Eleven patients were assessed pre- and post-HCT. Figure 4a,b shows that 9 of the 11 CALD patients showed decreased plasma NfL levels at 1 year post-HCT, with an overall mean decrease of 50%. Finally, 4 of the patients we assessed had more detailed serial sampling of plasma after HCT. Figure 4c shows that plasma NfL levels were stable in close approximation to HCT (to 60 days post-HCT), but by 1 year after HCT, levels were decreased from pre-HCT levels.

4. Discussion

Our study involved a comprehensive assessment of CALD CSF for potential biomarkers. We found a clear increase in CSF and plasma NfL levels in a large cohort of young males with CALD. Furthermore, we find a good correlation between levels of NfL and the amount of cerebral involvement as seen on MRI. Finally, plasma NfL showed lower levels after successful bone marrow transplant in the majority of young males (9 of 11).

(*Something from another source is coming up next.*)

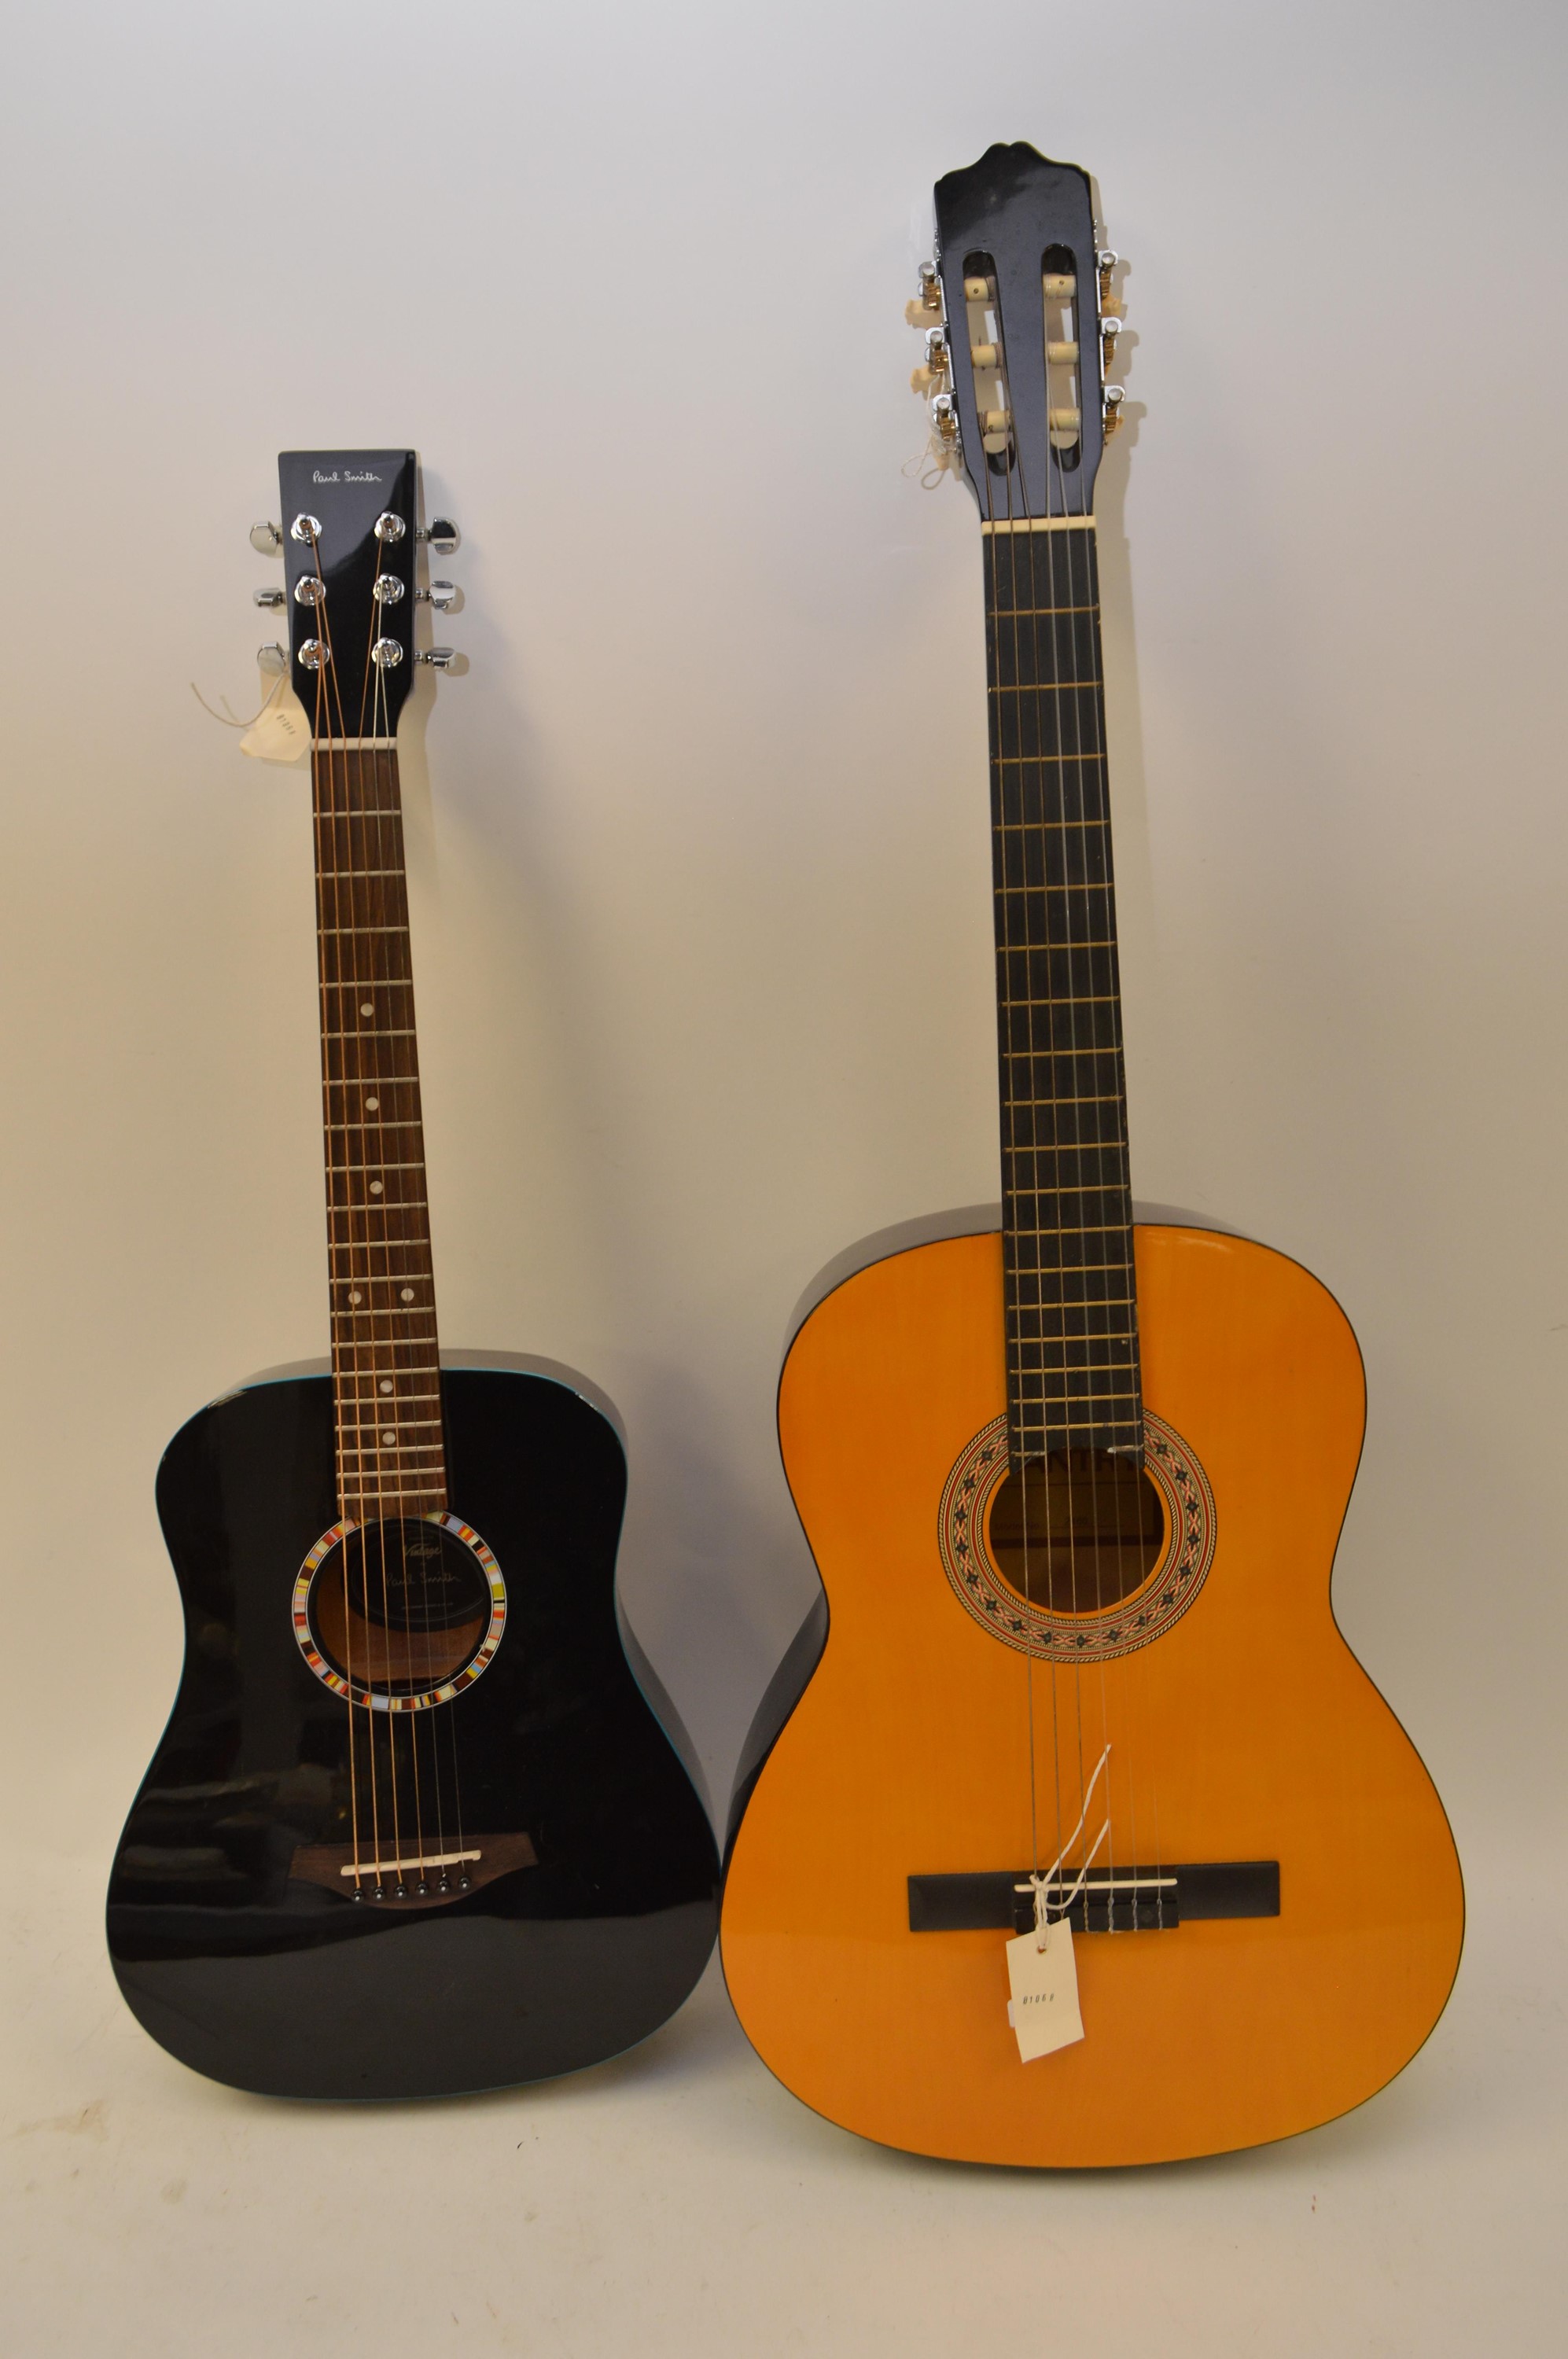 Two guitars.

Neurofilaments are structural elements of neuronal axons. Many pathologic processes in the brain involve the destruction of neurons (to some extent) releasing neurofilaments into the CSF and circulation [19]. Until recently, only CSF could be used to detect NfL due to the very low levels of NfL in plasma. With the recent development of ultrasensitive detection systems such as SiMoA and Olink, plasma can be reliably assessed for NfL [19]. Investigations into NfL as a biomarker have been wide-ranging, from head injury to stroke and, of course, to neurological disease [18,20,21].

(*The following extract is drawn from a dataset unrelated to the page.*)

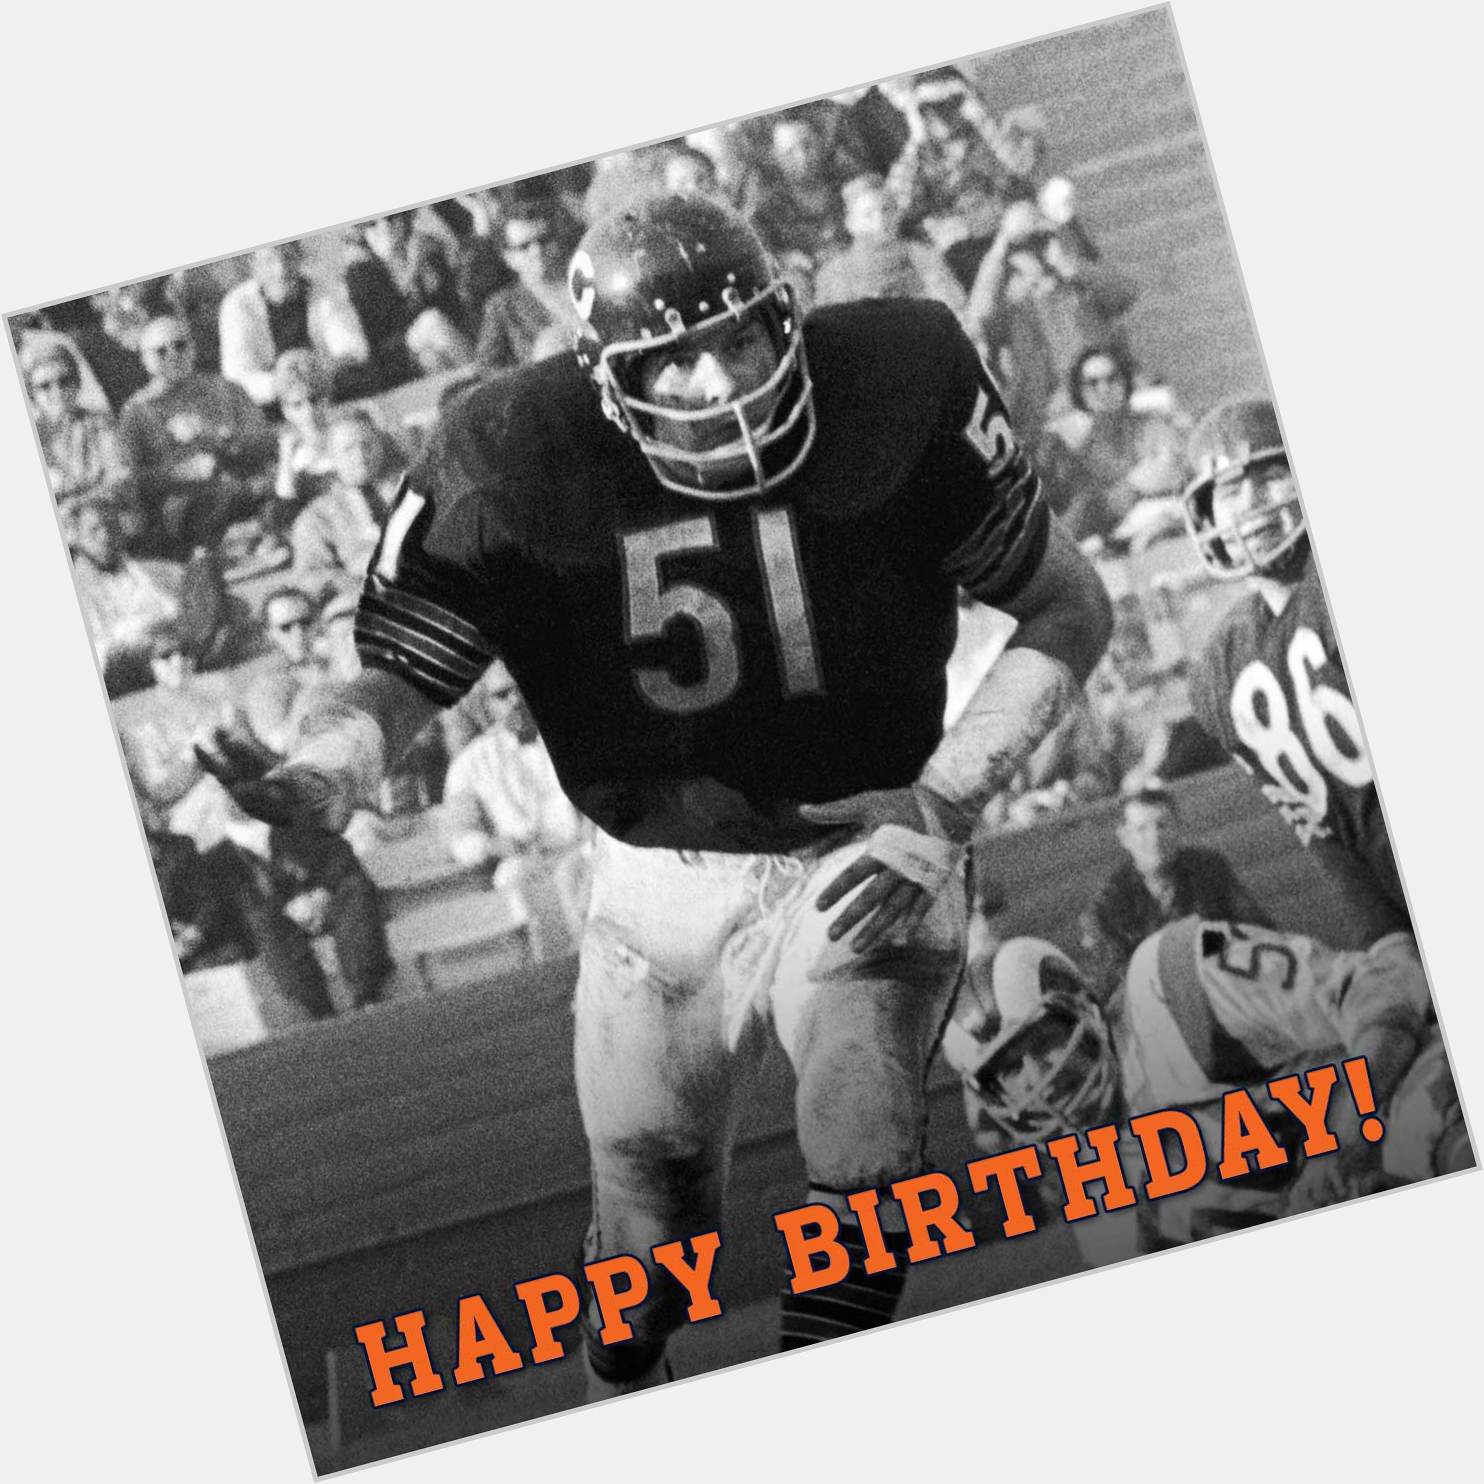 To wish Dick Butkus a Happy Birthday!

In addition to injury and disease, age related changes in serum NfL have been reported [22,23,24]. For example, Khalil et al. reported that individuals greater than 60 years of age showed consistently higher serum NfL levels, which were associated with brain volume loss and white matter hyperintensity volume [22]. On the other end of the age spectrum, Nitz et al. evaluated pediatric plasma NfL levels in control patients and found higher concentrations of NfL in patients less than 4 years old (a median of 7.12 pg/mL) compared with those of patients 5–18 years of age (a median of 4.07 pg/mL, p = 0.004 for comparison between the groups) [23]. There was no difference between sexes nor amongst older children up to age 18. Taken into context with our study, the young males we studied were clearly lower in age than 60 years with a median of 6.9 years (range 4–15.5 years), which is also within a “stable NfL” range of from Nitz’s study population. Where these age-related differences may play a role is in the area of newborn screening for ALD and trying to utilize biomarkers in very young children to predict those that might be predisposed to developing cerebral disease. Certainly, and any age-related differences in biomarker concentrations would have to be considered.

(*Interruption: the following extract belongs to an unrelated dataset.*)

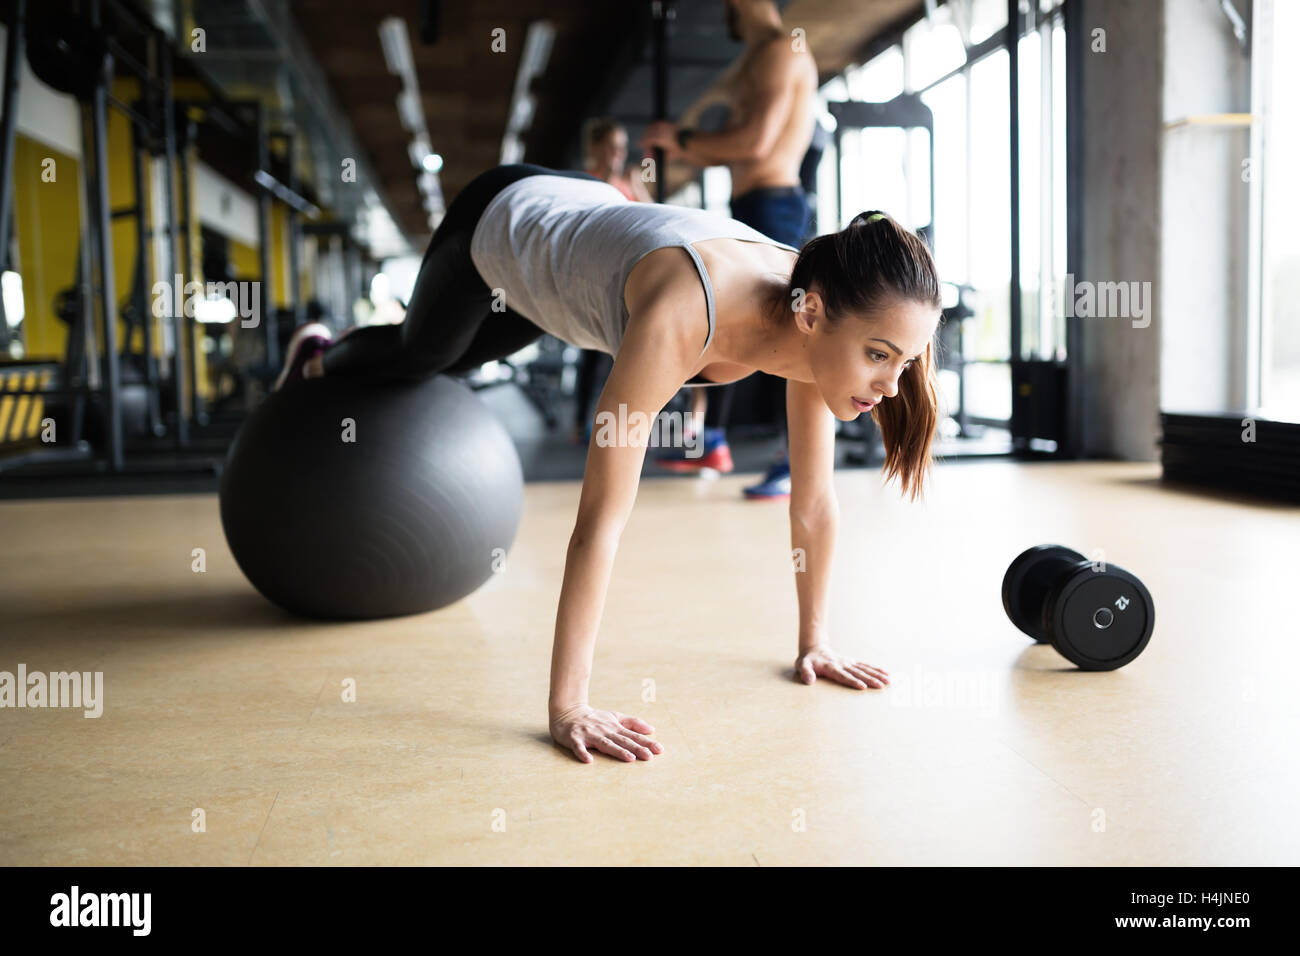 Sportliche Frau mit Ball im Fitness-Studio trainieren Stockfoto

Weinhofer et al. recently showed that young males with childhood CALD (n = 13) or male adults with CALD (n = 11) had significantly elevated plasma/serum NfL levels compared with controls (79.5-fold and 8.6-fold, respectively), as well as a significant positive correlation between plasma/serum NfL levels and the Loes MRI severity score (R2 = 0.73, p = 0.002) [12], both of which are in agreement with our findings shown here. Our increased plasma NfL was not as high at their report (at 11.3 fold), but might be explained by a difference in technologies used to measure NfL (SiMoA versus Olink). In addition, they showed that, for CALD patients that underwent HCT, plasma/serum NfL decreased after HCT (median time was 5.1 years post-HCT). The time course of NfL reduction following HCT was not further characterized, but longitudinal plasma NfL levels shown for two patients with CALD before and after HCT suggested that decreases in NfL would not be apparent until 1 year post-HCT [12]. Our data in post-HCT patients is in overall good agreement with this finding as well. Initially, we did not observe any real decrease in NfL (first 60 days) post-HCT and some levels appeared slightly increased. This may be a result of neurotoxicity from the chemotherapy used in conditioning the patients prior to HCT, which is known to occur. In addition, successful engraftment of the brain with donor cells may occur over weeks to months after HCT allowing for a prolonged course before NfL levels stabilize or fall. Of note, two patients in our cohort showed no real decrease in NfL level 1 year post-HCT but this did not correlate to any unusual or rapid advancement in disease symptoms or MRI findings (not shown). Overall, the aggregate NfL data do show a response to HCT. It is encouraging to show a biomarker responsive to therapy, which has been lacking in the field.
While our results and the work by Weinhoffer et al. focused on CALD, the use of NfL has been previously demonstrated in a wide variety of conditions, including amyotrophic lateral sclerosis (ALS), multiple sclerosis (MS), and most recently in COVID-19 infection [18,25,26]. In ALS, while it is not entirely clear that NfL can predict disease onset, there is evidence that high levels of Nfl predict a more rapid and aggressive course of disease [19]. In MS, NfL levels correlate with worse MRI findings, brain and spinal cord atrophy, clinical progression, and relapse [27,28]. In COVID-19 patients, rising longitudinal NfL measurements may identify patients at risk of mortality [25].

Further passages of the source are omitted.